Via San Damiano 2 a Milano è la nuova “tappa obbligata” per design-aholic (appassionati, collezionisti e professionisti dell’interior design) dove trovare il meglio del design italiano del ‘900. Vernissage 12 dicembre alle 19.
Dopo l’affascinante spazio parigino (5b, Impasse Simon, 93400 Saint Ouen) aperto nel 2012, rafforzato dal crescente interesse dei mercati esteri verso il design italiano del XX secolo, Fragile propone il nuovo spazio milanese di 200 mq con il retail concept integrale di Alessandro e Francesco Mendini, caratterizzato da una personalità forte e ironica, in sintonia con lo spirito di Fragile e la sua collezione di arredi e oggetti di design.
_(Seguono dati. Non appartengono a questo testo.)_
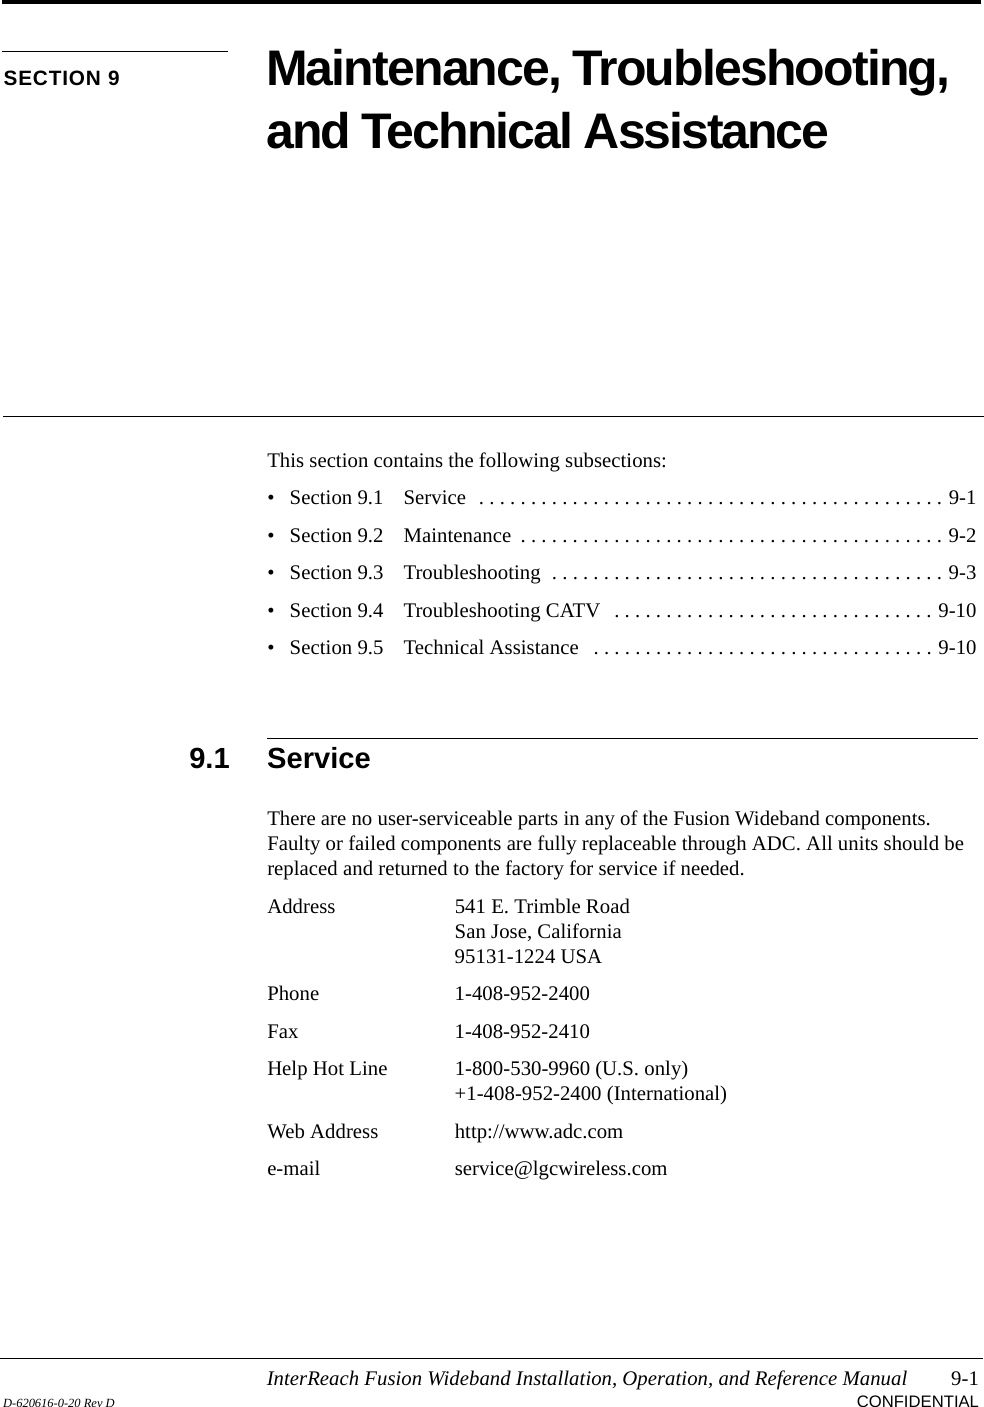 InterReach Fusion Wideband Installation, Operation, and Reference Manual 9-1D-620616-0-20 Rev D CONFIDENTIALSECTION 9 Maintenance, Troubleshooting, and Technical AssistanceThis section contains the following subsections:• Section 9.1   Service  . . . . . . . . . . . . . . . . . . . . . . . . . . . . . . . . . . . . . . . . . . . . . 9-1• Section 9.2   Maintenance  . . . . . . . . . . . . . . . . . . . . . . . . . . . . . . . . . . . . . . . . . 9-2• Section 9.3   Troubleshooting  . . . . . . . . . . . . . . . . . . . . . . . . . . . . . . . . . . . . . . 9-3• Section 9.4   Troubleshooting CATV   . . . . . . . . . . . . . . . . . . . . . . . . . . . . . . . 9-10• Section 9.5   Technical Assistance   . . . . . . . . . . . . . . . . . . . . . . . . . . . . . . . . . 9-109.1 ServiceThere are no user-serviceable parts in any of the Fusion Wideband components. Faulty or failed components are fully replaceable through ADC. All units should be replaced and returned to the factory for service if needed.Address 541 E. Trimble RoadSan Jose, California95131-1224 USAPhone 1-408-952-2400Fax 1-408-952-2410Help Hot Line 1-800-530-9960 (U.S. only)+1-408-952-2400 (International)Web Address http://www.adc.come-mail service@lgcwireless.com

La nuova sede con styling project di Studio Pepe, esprime così una spiccata personalità: coraggiose forme, colori, materiali si armonizzano con la ricercata scelta di arredi proposta, creando un nuovo concetto di showroom, lontana dagli abituali spazi neutri e composti.
In occasione dell’apertura, inaugura anche il nuovo sito internet www.fragilemilano.com  e saranno in mostra, tra gli altri, alcuni rari pezzi da collezione di Max Ingrand, Gio Ponti, Franco Albini, BBPR e Gino Sarfatti.